FIG. 6 is a sectional view of a module of an apparatus in which a main intake pipe and a main discharge pipe are used as a frame.

[Explanation of symbols]

 1,1.a Frame 2 Air column 3 Valve chamber 3.a Suction valve chamber 3.b Discharge valve chamber 4 Suction main pipe 5 Discharge main pipe 4.a Suction pipe 5.a Discharge pipe 6 Suction valve 7 Discharge valve 7.a Shirt Tooff valve 7.b Float 8 Buoy 9 Winch 10 Anchor 11 Turbine chamber 12 Discharge turbine 13 Intake turbine 14 Generator a, b, c, d, e, f, Module number (a), (b), (b) Wave sign

Claims (4)

[Claims] 1. When a large number of modules composed of an air column 2 and a valve chamber 3 are attached to a long frame 1 installed in the sea, and when the water surface moves up and down in the air column 2 of the module due to waves, The air flow in and out is made unidirectional by the intake valve 6 and the discharge valve 7, and the generated air flow is passed through the intake main pipe 4 and the discharge main pipe 5 connected to all the above modules to the outlet and the inlet.
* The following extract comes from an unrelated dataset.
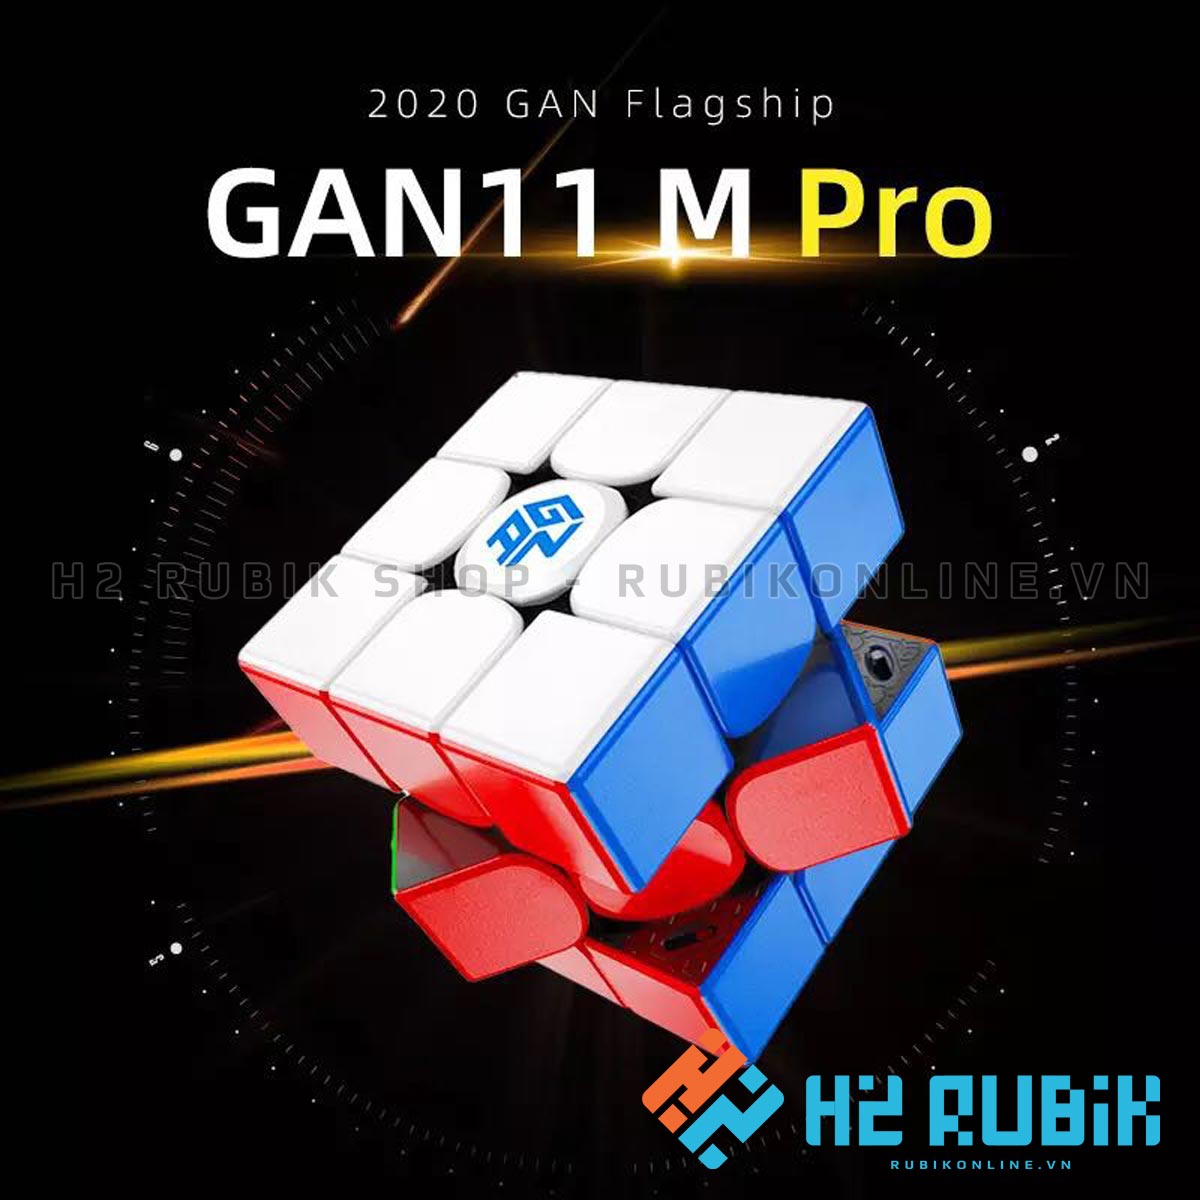 GAN 11 M PRO Rubik 3x3 flagship hãng GAN 2020 H2 Rubik Shop

Modular wave power generator characterized by a mechanism for generating power by an air turbine provided 2. To fix the frame 1 to which the buoy 8 and a large number of modules are attached at a predetermined depth under the water,
The modular wave power generation device according to claim 1, wherein the buoyancy of the buoy causes the entire frame 1 to float up and is pushed into the water by a winch 9 to fix the device in a state of being suspended in the water. 3. A main intake pipe 4 connected to a large number of modules.
By setting the suction turbine 13 and the discharge turbine 12 of the air turbine provided at the place where the air flowing in and out of the discharge main pipe 5 are set to one output shaft, fluctuations of the air flow that are influenced by the pulsation of waves The modular wave power generation device according to claim 1, characterized in that a mechanism for pressing down is provided. 4. A long frame 1.a capable of supporting a plurality of modules by thickening and thickening a main intake pipe 4 and a main discharge pipe 5 for connecting a plurality of modules to a power generation turbine and connecting them with a beam. 2. The modular wave power generation device according to claim 1, characterized in that, in addition to the role of simply passing air through, the structure is made to have a role of a frame supporting the entire apparatus and a role of a buoy giving buoyancy.